I DID put down some carbon x xsrt starter fert and milo same day as over seed. I scalped the lawn to much due to an unknown flat tire in my mower and it caused alot of damage that I am still trying to fix. But point being ive only mowed twice at 3" since my overseed and fert. Old grass us not growing g like crazy and out growing new grass.


----------



## M32075 (May 9, 2019)

outdoorsmen said:
 

> I DID put down some carbon x xsrt starter fert and milo same day as over seed. I scalped the lawn to much due to an unknown flat tire in my mower and it caused alot of damage that I am still trying to fix. But point being ive only mowed twice at 3" since my overseed and fert.

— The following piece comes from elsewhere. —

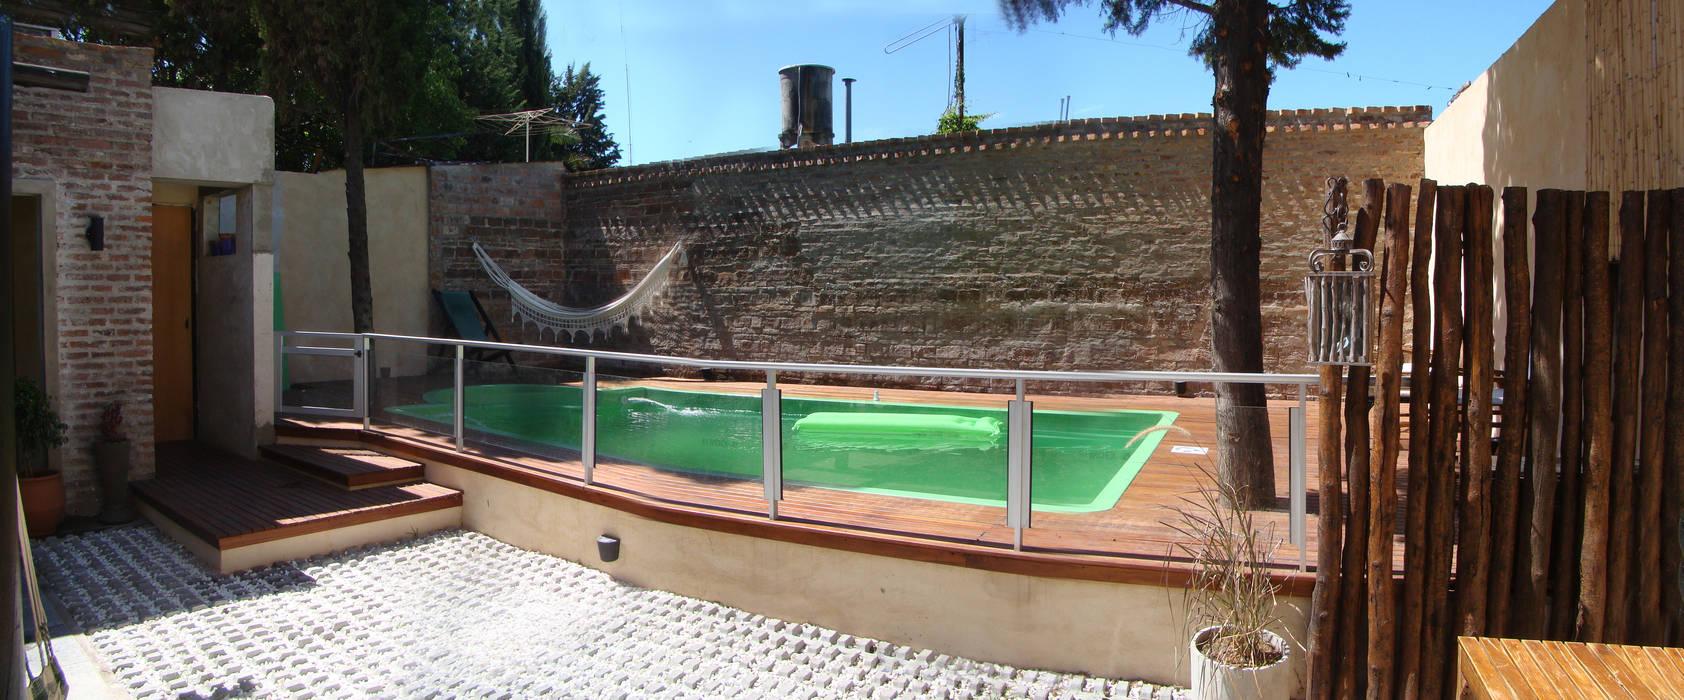 ELVARQUITECTOS Garden Pool Bricks Orange

Old grass us not growing g like crazy and out growing new grass.


if you scalped the existing lawn down to the crown or close it takes awhile for it to recover which is not a bad thing it gives the seed a chance to germinate and fill in a little even with fertilizer put down with seed.


----------



## Justmatson (Apr 4, 2020)

learningeveryday said:


> Use quality compost (not mushroom soil) instead of topsoil. It's the magic sauce.


100% agree. I had some left over from a veggie garden and threw some along my driveway when I seeded. That section came up faster, thicker, less weeds.


----------